The Scottish links-style course is nestled alongside the Cumberland River and borders numerous wetlands. Marriott Golf recognizes their sensitive location and makes tremendous efforts to operate in a sustainable fashion. So much so that the Marriott Golf team pursued and achieved certification as an Audubon International Cooperative Sanctuary for Golf. In 2019, Gaylord Springs Golf Links became an environmental leader amongst the city’s public golf courses and successfully achieved certification in all 6 ACSP for Golf focus areas: environmental planning, chemical use reduction and safety, water conservation, water quality management, wildlife and habitat management, and outreach and education. Most recently, the course underwent a recertification site visit by Audubon International staff.

Wildlife on the course

While playing Gaylord Springs Golf Links be sure to keep your eyes peeled for any one of the 30+ species that can be seen including eagles, Carolina chickadees, blue-winged teals, and many more raptors and songbirds.
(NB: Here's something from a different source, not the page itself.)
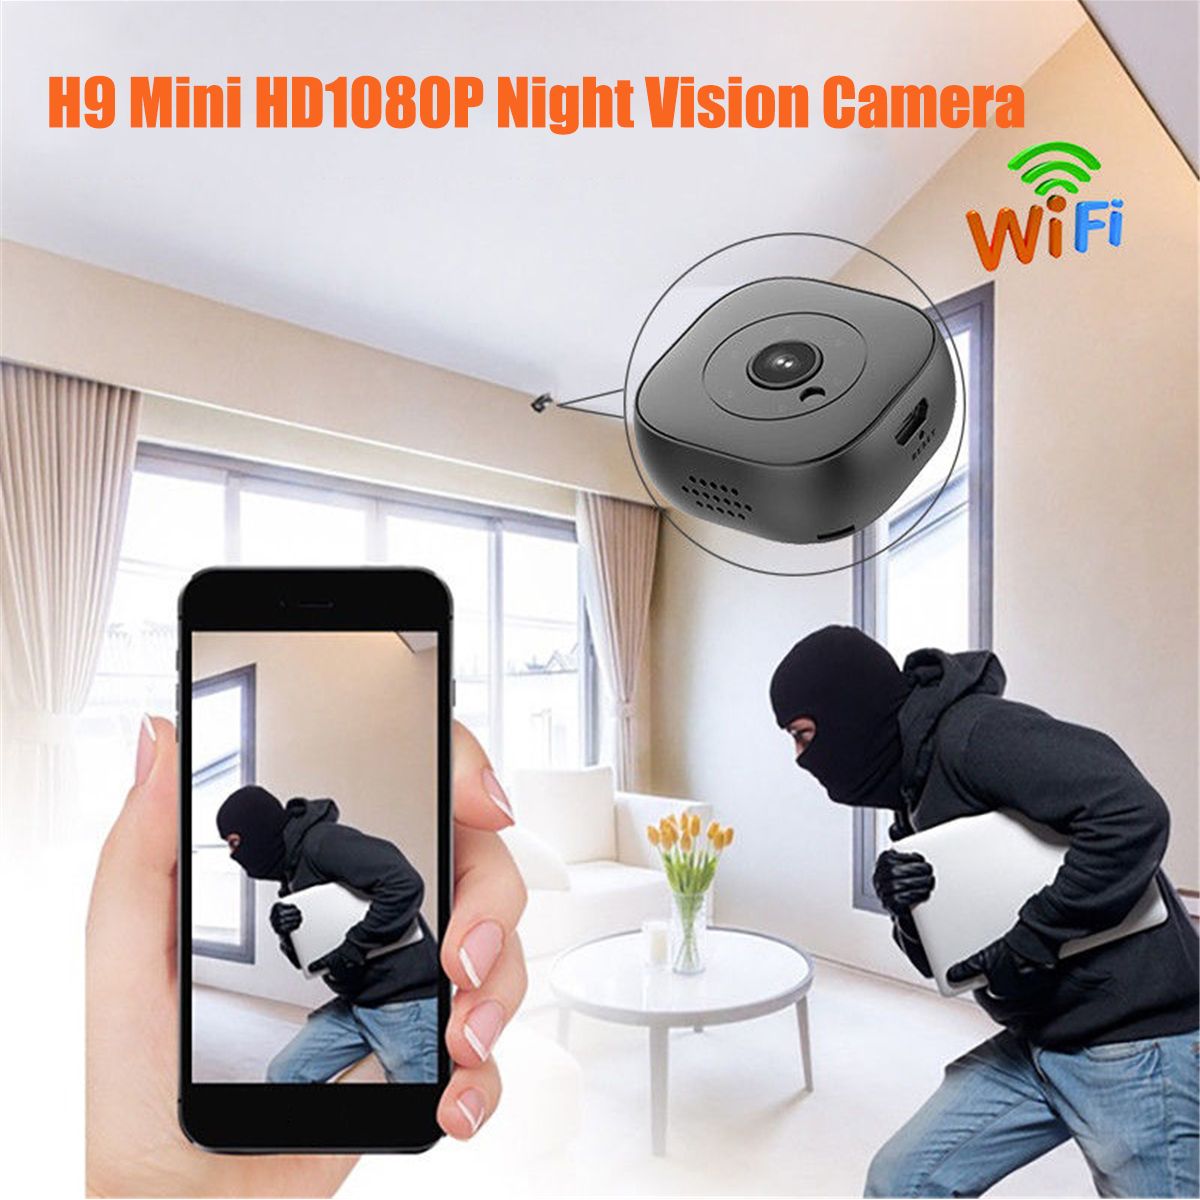 H9-Small-Mini-HD-Night-Vision-Surveillance-Camera-Mobile-Phone-Remote-Intelligent-Camera-WIFI-Car-Ca-1376310

Supplemental habitat structures like blue bird and owl boxes, along with an osprey platform can be seen throughout. These structures are monitored regularly by staff and play a crucial role in restoring and maintaining the local populations of these species. But that’s not all…you’ll also find bats calling the limestone bluffs home and numerous small mammals that utilize the brush piles and fallen trees in out-of-play areas.

The property’s habitat varies and the extensive wetlands provide critical habitat for amphibians, fish and over twenty beavers found on the property! Even though beavers have the ability to destabilize and degrade banks, Gaylord Springs leaves nature’s engineers to contribute to the varying habitats throughout the course.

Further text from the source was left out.